Observability

When something goes wrong in production, the first question is always: "What is actually happening inside my system right now?"

Observability is the ability to understand a system's internal state by examining the signals it emits — its logs, metrics, and traces. It is distinct from traditional monitoring, which watches for known failure modes (e.g., "alert me when CPU > 90%"). Monitoring tells you that something broke. Observability lets you ask why — even for failures you have never seen before, including emergent behaviors introduced by AI-generated code or an unpredictable LLM.

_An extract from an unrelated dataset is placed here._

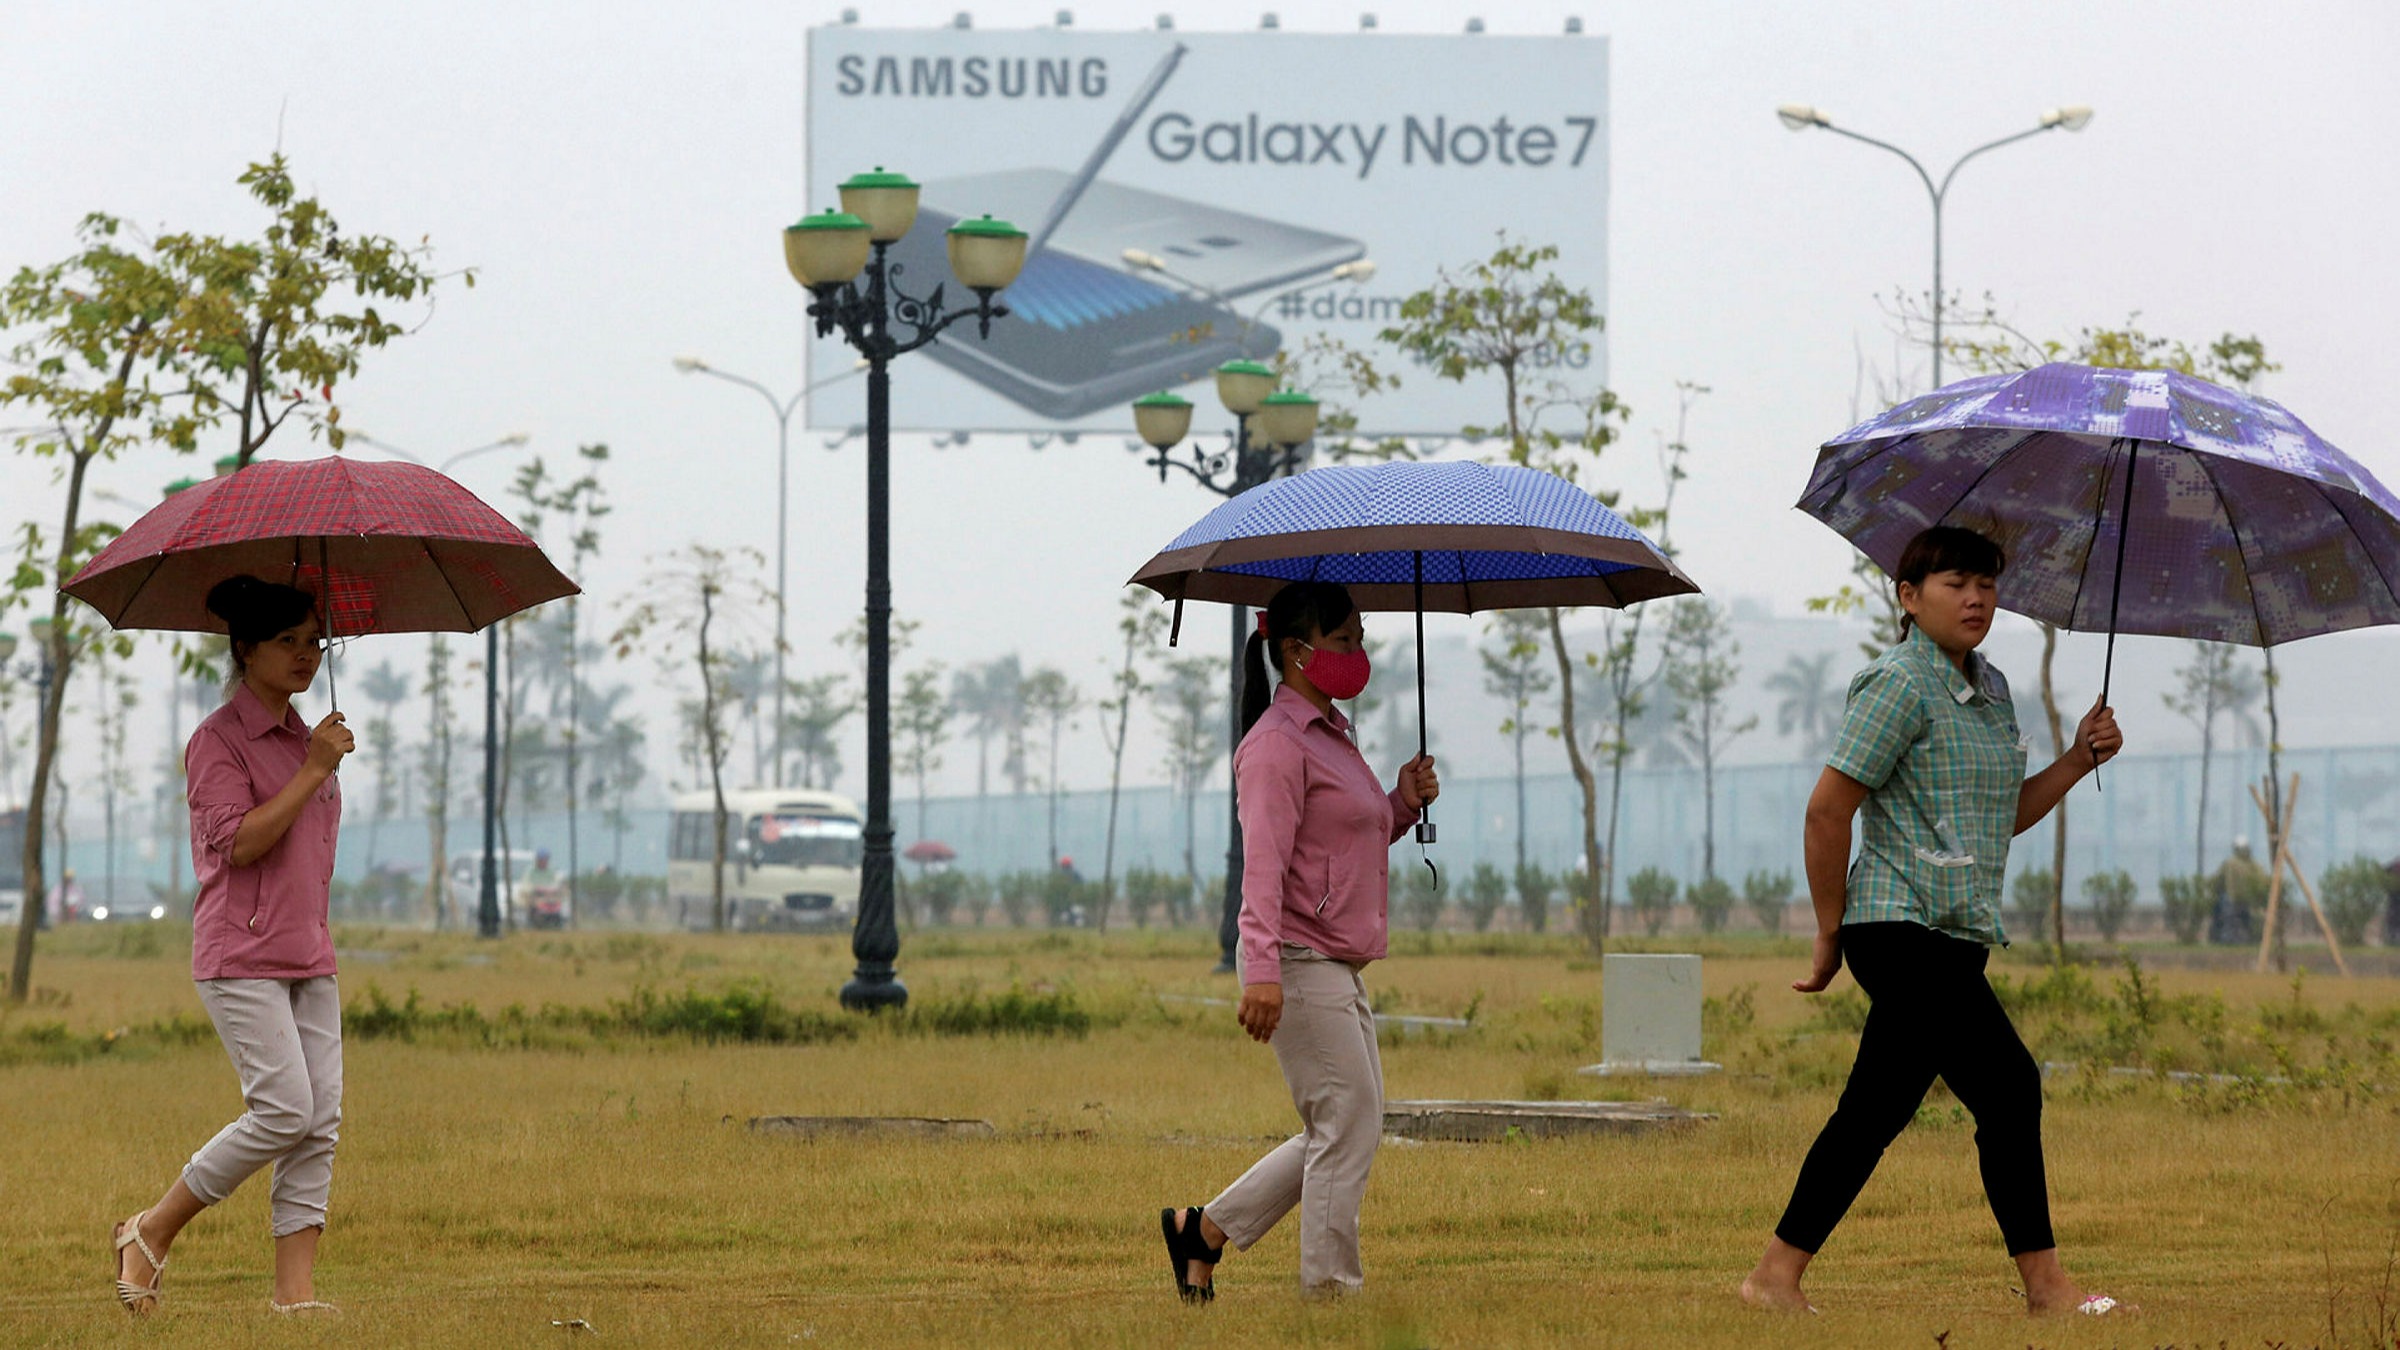 Samsung's reliance on fossil fuels poses growing risk to investors

This distinction matters more than ever as AI agents become a core part of the software stack. When an AI agent calls an external LLM, executes a tool, and writes to a database — all in one turn — a single slow database query can cause a response to exceed your latency budget without any obvious alert firing. You need observability to trace exactly which step was slow, across which services, for which user.

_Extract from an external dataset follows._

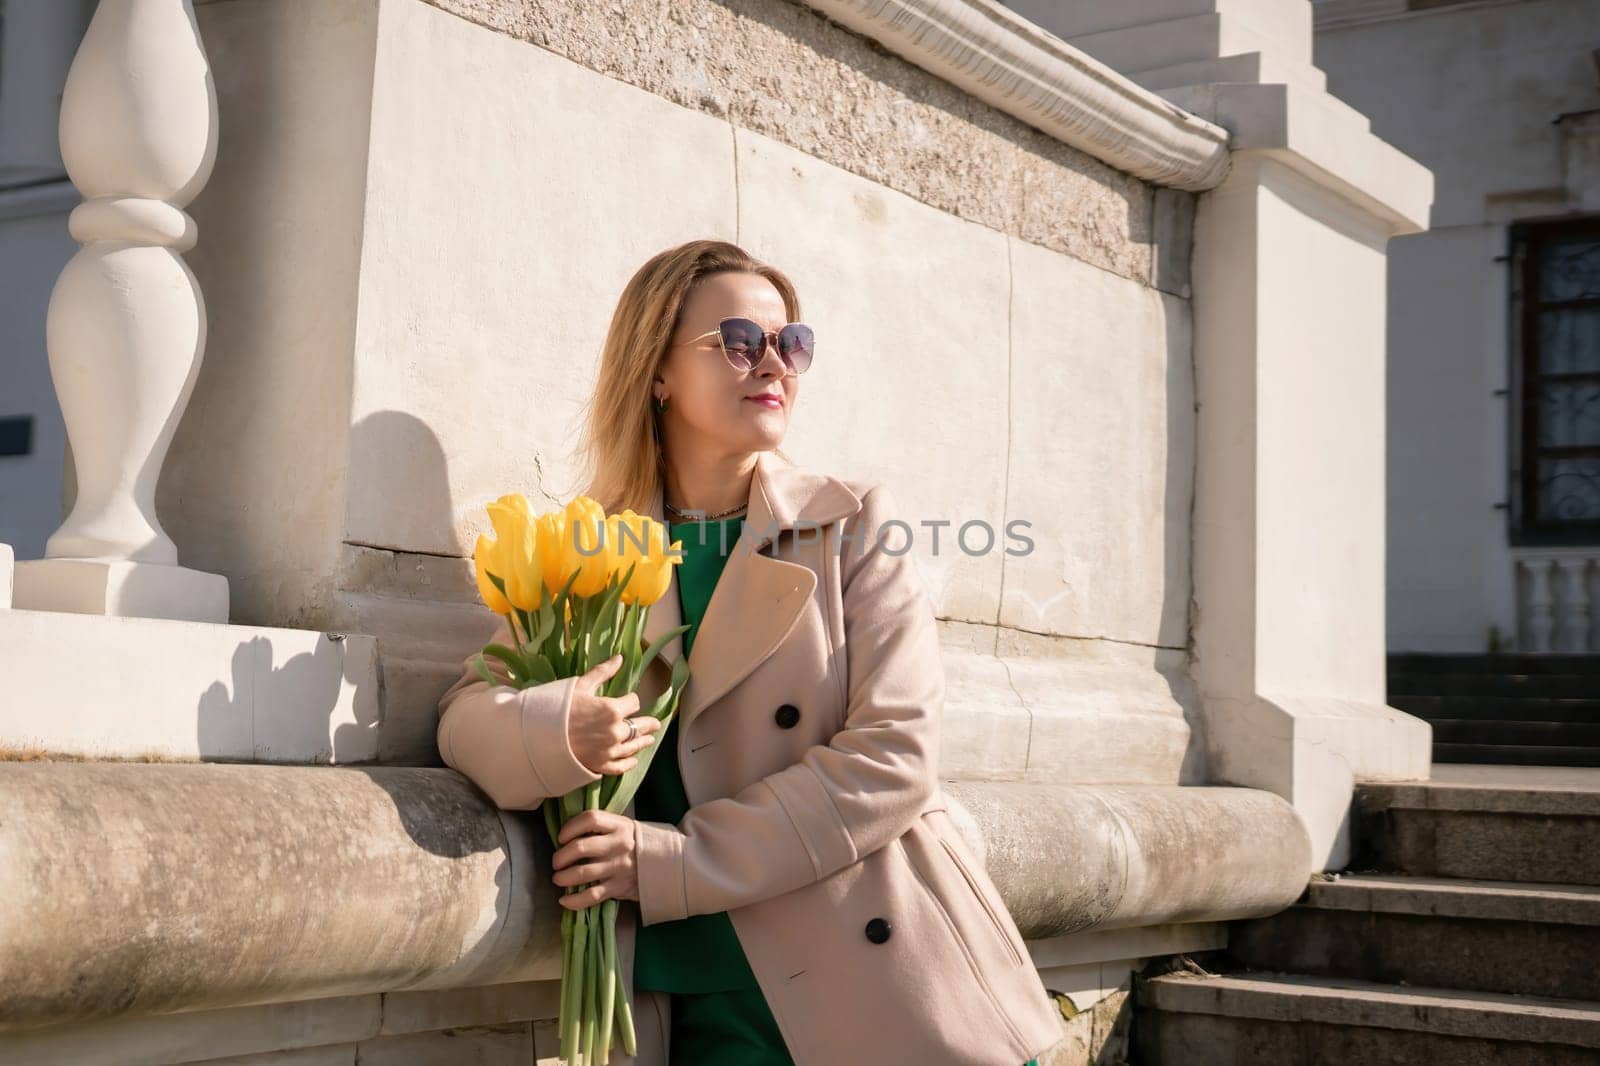 Woman holding yellow tulips, leaning against stone wall. Women's holiday concept, giving flowers

AI agents also have a consistent gap: they generate functionally correct application code but almost never add observability. They do not instrument functions with traces, do not track token usage or cost, and do not record what prompts and completions flow through an LLM call. Without explicit instructions, the AI produces a system you cannot reason about in production.

This section covers the three core techniques you need to build observable systems:

  • The Three Pillars — Logs, Metrics, and Traces: what they each tell you and how they work together
  • Causal Tracing — how to follow a single request through multiple services and an AI agent
  • SLIs/SLOs — how to define and measure what "good" means, specifically for AI-powered systems

The Three Pillars#

Every observable system emits three types of telemetry data. They answer different questions and serve different purposes during an incident.

The Three Pillars of Observability

Logs, metrics, and traces are not alternatives — they are complementary. Metrics detect that something is wrong. Traces show which service or step is responsible. Logs provide the detailed context to understand why. In a well-instrumented system, an alert fires on a metric, you click through to the relevant trace, then drill into the specific logs for that request.

Rendering diagram...

Logs: The Event Record#

A log is a timestamped record of a discrete event — a request arrived, a query ran, an error occurred. Logs are the oldest observability tool and the most familiar: they answer "what happened at this moment?"

Modern production systems use structured logging — each log line is a JSON object rather than a free-form string. Structured logs are machine-queryable: you can filter all error logs for a specific user_id, or find all logs where llm_provider is anthropic and tokens_used exceeds 4,000, in seconds.

An unstructured log is hard to query at scale:

ERROR 2026-03-13 14:32:07 LLM call failed for user 1234: rate limited

A structured log is queryable, filterable, and alertable:

{
  "level": "error",
  "timestamp": "2026-03-13T14:32:07.412Z",
  "trace_id": "abc123def456",
  "service": "ai-gateway",
  "event": "llm_call_failed",
  "user_id": "1234",
  "llm_provider": "anthropic",
  "error_code": 429,
  "error_message": "rate_limit_exceeded",
  "tokens_attempted": 3800
}

Log levels are a signal-to-noise dial:

LevelMeaningProduction Guidance
ERRORSomething failed that requires investigation — a request failed, an API call errored, data was not writtenAlert on sustained error rates; every ERROR should be actionable
WARNSomething unexpected happened but the system recovered — a retry succeeded, a cache miss fell back to DBMonitor trends; a rising WARN rate often precedes ERROR spikes
INFONormal operational events — a request completed, a job finished, a user authenticatedKeep INFO sparse in production — log key lifecycle events, not every function call
DEBUGVerbose details useful during development — intermediate values, state transitions, SQL queriesDisable in production by default; enable temporarily per-service when investigating a specific issue

Metrics: The Health Dashboard#

A metric is a numerical measurement collected over time — error rate, request count, p99 latency, CPU usage, token cost per hour. Metrics answer "is the system healthy right now?" and "is it trending worse?"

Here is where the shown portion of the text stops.